Nandrolone decanoate is used for physique- and performance-enhancing purposes by competitive athletes, bodybuilders, and powerlifters. It is consumed by bodybuilders as per 8–12 weeks bulking cycles with some form of testosterone as a base because, according to the studies if consumed solo (i.e., without a base) it shuts down the natural production of testosterone by altering blood–testis barrier components. Despite this fact, nandrolone decanoate is one of the most popular injectable AAS worldwide, and nandrolone esters have been said to be the most popular AAS used by bodybuilders and in sports. This is in part due to the high ratio of anabolic to androgenic effect of nandrolone and its weak propensity for androgenic and estrogenic side effects.

==Contraindications==
Contraindications for nandrolone decanoate include pregnancy, breastfeeding, prostate cancer, male breast cancer, breast cancer in women with hypercalcemia, hypersensitivity (to nandrolone decanoate or excipients such as arachis (peanut) oil; includes those with peanut and soy allergies), nephrosis or nephritis, liver disease with impaired bilirubin excretion, and heart failure. High dosages may also be considered contraindicated in women due to their high potential for virilization.

==Side effects==

The side effects of nandrolone decanoate are dependent on dosage, duration of treatment, and individual sensitivity. A number of common, uncommon, and rare side effects have been observed with the medication at recommended dosages. While less common or severe than with many other AAS, the most common side effect of nandrolone decanoate is virilization (masculinization) in women. Uncommon side effects of nandrolone decanoate at recommended dosages include fluid retention, inhibition of spermatogenesis, testicular atrophy, erectile dysfunction, gynecomastia, increased frequency of penile erections, increased penis size in pre-pubertal boys, clitoral hypertrophy, increased pubic hair growth, oligomenorrhea, amenorrhea, hyperlipidemia, decreased HDL cholesterol, increased hemoglobin (to abnormal high levels), hypertension, nausea, epididymitis, bladder irritability, reduced urine flow, benign prostatic hyperplasia, priapism, premature epiphyseal closure (in children), and acne. Rare side effects include abnormal liver function, jaundice, peliosis hepatis, liver tumors, oily skin, greasy hair, rash, pruritus, exanthema, urticaria at the injection site, and furunculosis. Local injection site reactions may also occur.

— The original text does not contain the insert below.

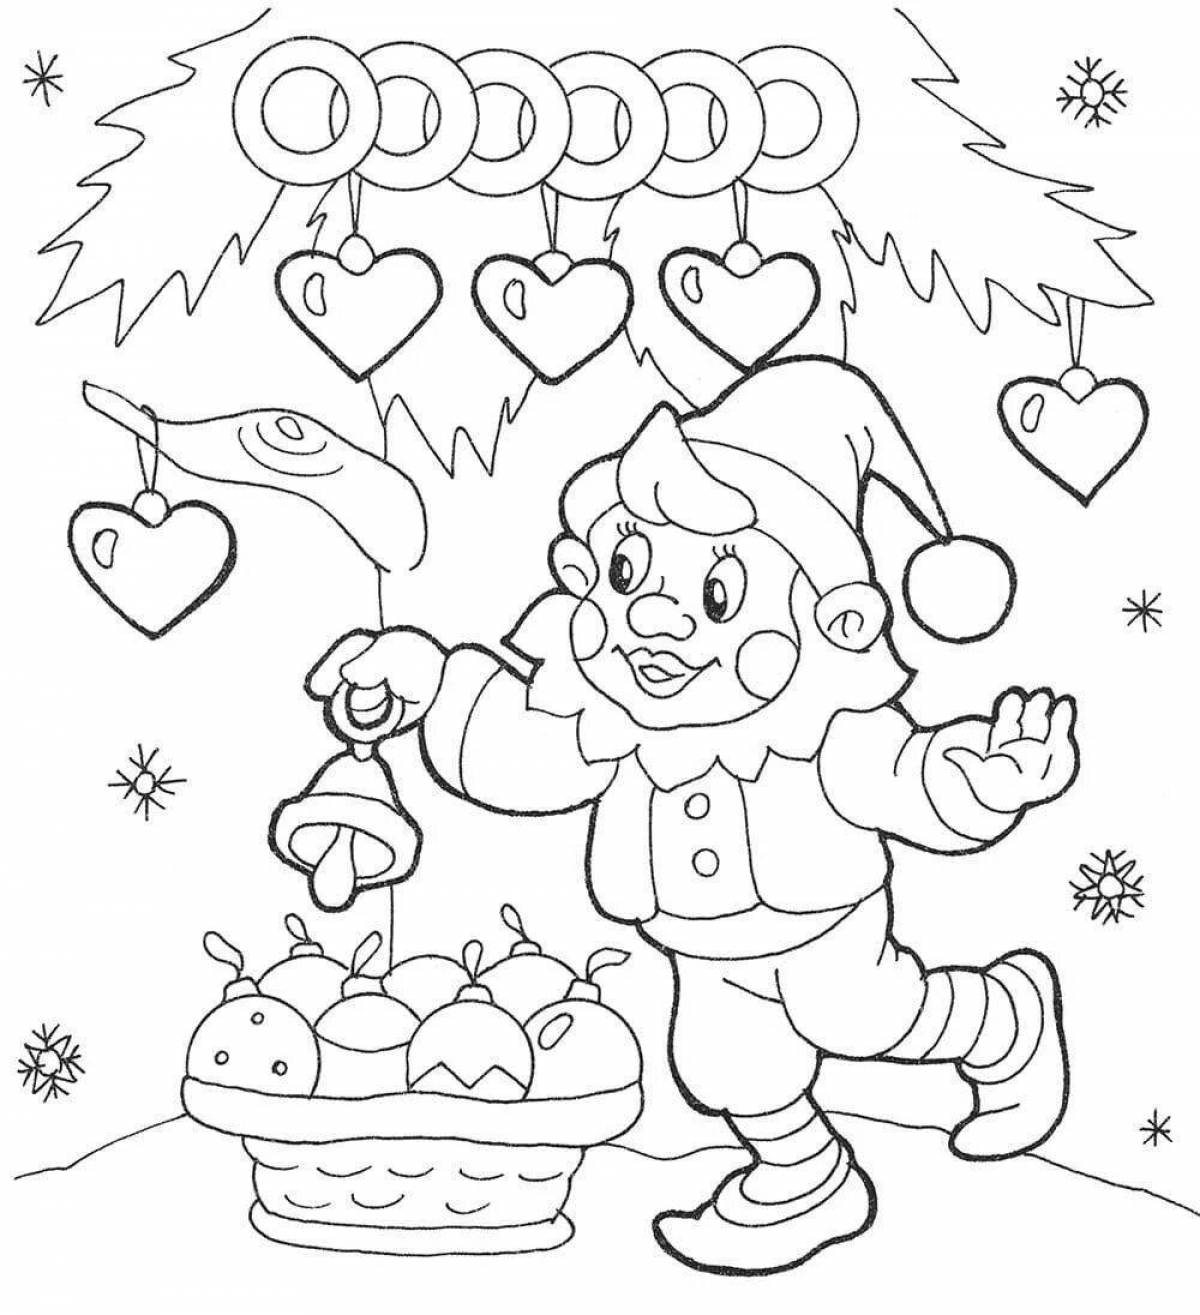 Great Christmas coloring book for preschoolers

Unlike 17α-alkylated AAS such as methyltestosterone, nandrolone decanoate is not associated with liver toxicity.

===Virilization===
Nandrolone decanoate causes virilization as a common side effect in women, including acne, hoarseness of the voice, hirsutism (excessive facial/body hair growth), and libido changes, among others. Clitoral enlargement is an uncommon symptom of virilization that can occur. Virilization is especially prevalent and marked at high dosages of nandrolone decanoate and/or with long-term treatment, and some aspects of virilization like voice deepening can be irreversible. Hoarseness is often the first sign of voice changes. Although said to be only slightly androgenic, nandrolone decanoate may still occasionally cause virilization at recommended dosages in women, especially with long-term treatment. A minor though statistically insignificant incidence of virilization has been observed in women treated with nandrolone decanoate short-term at a dosage of 100 mg every 2 weeks for 12 weeks. Conversely, long-term (>1 year) studies have shown significant virilization in women even at a dosage of 50 mg every 2 or 3 weeks.

==Overdose==
The acute toxicity of nandrolone esters in animals is very low and there are no reports of acute overdosage with nandrolone decanoate in humans. There are no specific recommendations for the management of nandrolone decanoate.

== Interactions ==

Antiestrogens like aromatase inhibitors (e.g., anastrozole) and selective estrogen receptor modulators (e.g., tamoxifen, raloxifene) can interfere with and prevent the estrogenic effects of nandrolone decanoate. 5α-Reductase inhibitors like finasteride and dutasteride can prevent the inactivation of nandrolone in so-called "androgenic" tissues like the skin, hair follicles, and prostate gland, and may therefore considerably increase its androgenic side effects. This is opposite to the case of most other AAS, which are either potentiated by 5α-reductase in such tissues or are not substrates of 5α-reductase. Antiandrogens like cyproterone acetate, spironolactone, and bicalutamide can block both the anabolic and androgenic effects of AAS like nandrolone decanoate.

==Pharmacology==

===Pharmacodynamics===

Nandrolone, the active form of nandrolone decanoate.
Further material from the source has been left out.